So, after some discussion about religion the other night,
media_res told me I should read
The Republic of Heaven. So I did.
I got to about this line: "And one of the most deadly and oppressive consequences of the death of God is this sense of meaningless or alienation that so many of us have felt in the past century or so." At this point, I had a few lightbulbs go off, and I was definitely interested. I'd never thought of the death of God in this way, as something that affected how I felt about the world, or really in any context outside of Nietzsche. It occurred to me at this point that this is what's happened to me over the last few years. The trouble has been that God didn't die instantly in a tragic accident; he's been slowly dying for years now, and letting go has been really hard because without God, I have been at a complete loss as to how I should connect with the world.
This quote's here because it's good writing advice: "In the republic, stockings work differently. They're real stockings; they sometimes have holes in them. That little white hole beside her ankle is one of the things that make Victoria "quite plain, but unearthly beautiful"; and of course Paul can't give too much attention to her stockings, and her shoes, and her coat, and everything about her. She is real, and he is in love. "
This might be one of the better expressed reasons that fantasy is troubling, especially in its excessive popularity these days, and why
tricolora makes me so ridiculously happy: "As Goldthwaite points out, such fantasy is both escapist and solipsistic: seeking to flee the complexities and compromises of the real world for somewhere nobler altogether, lit by a light that never was on sea or land, it inevitably finds itself enclosed in a mental space that is smaller, barer, and poorer than reality, because it's sustained by an imagination that strains against the world instead of working with it, refusing and not accepting."

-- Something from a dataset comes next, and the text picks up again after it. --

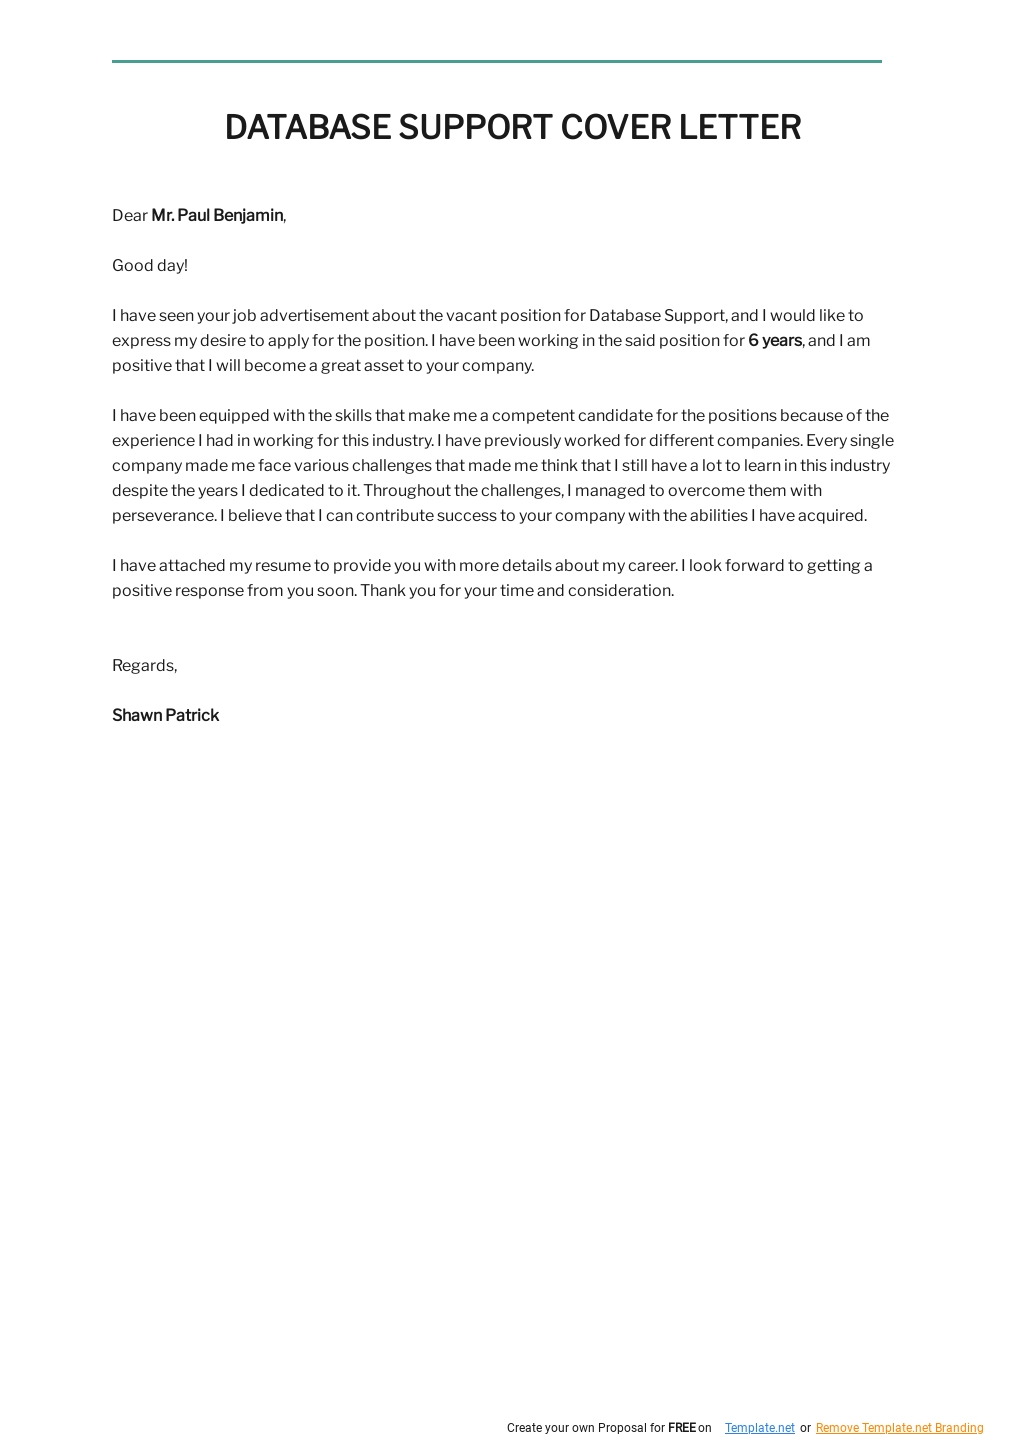 Database Support Cover Letter Template.jpe
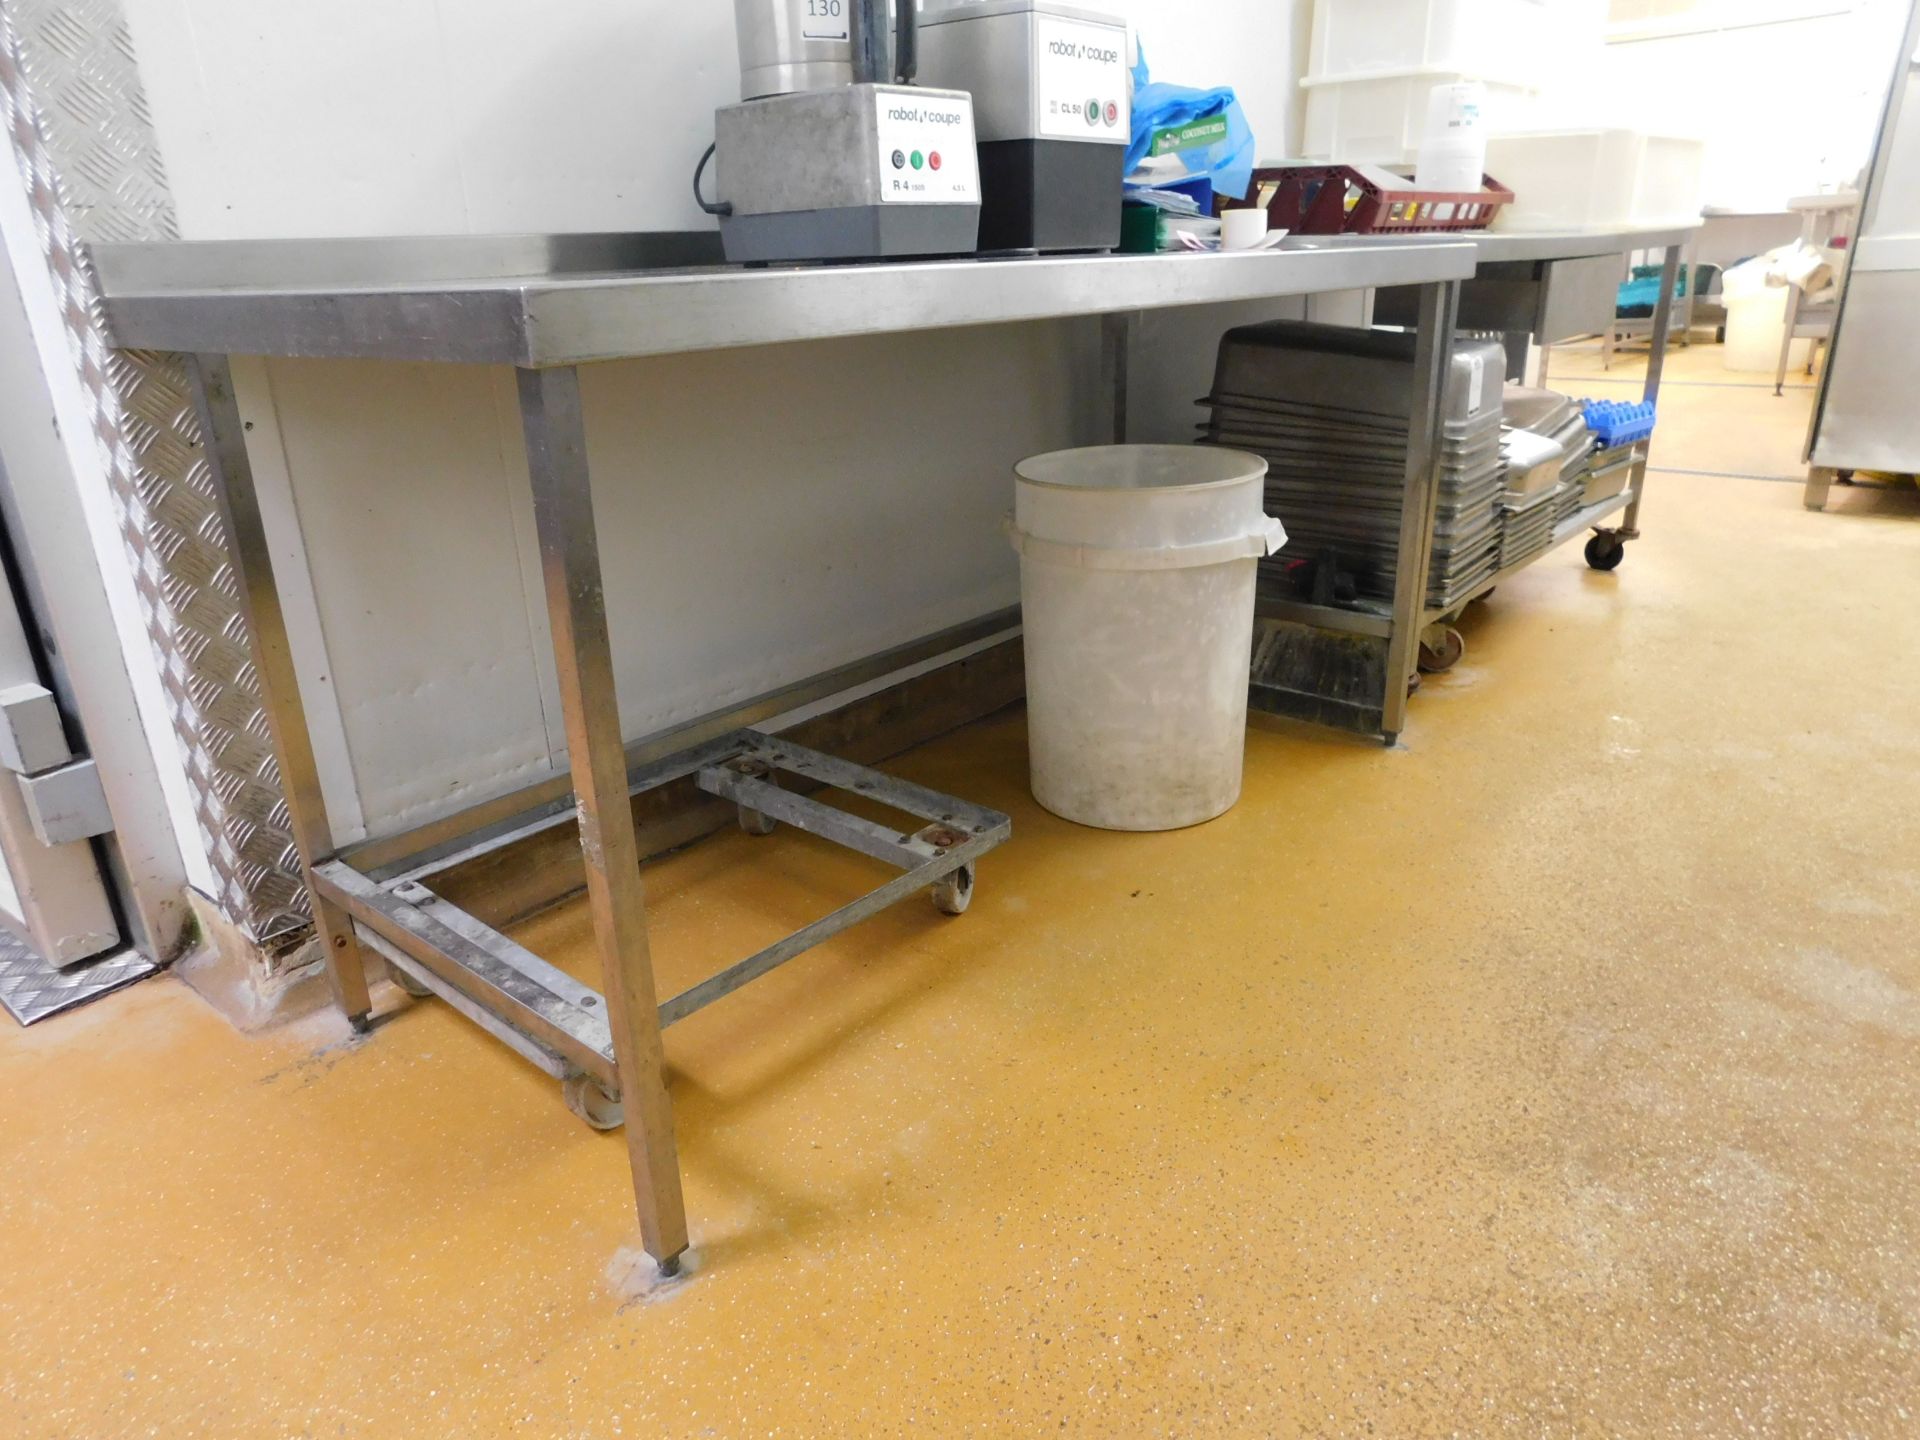 2 Stainless Steel Preparation Tables & Contents of Trays etc. (Location: Thame. Please Refer to

These two just rocked my socks: "In the republic, we're connected in a moral way to one another, to other human beings. We have responsibilities to them, and they to us. We're not isolated units of self-interest in a world where there is no such thing as society; we cannot live so."
&
"[The Republic of Heaven] enables us to see this real world, our world, as a place of infinite delight, so intensely beautiful and intoxicating that if we saw it clearly then we would want nothing more, ever."
Anyway, thanks Emma. :) That was awesome!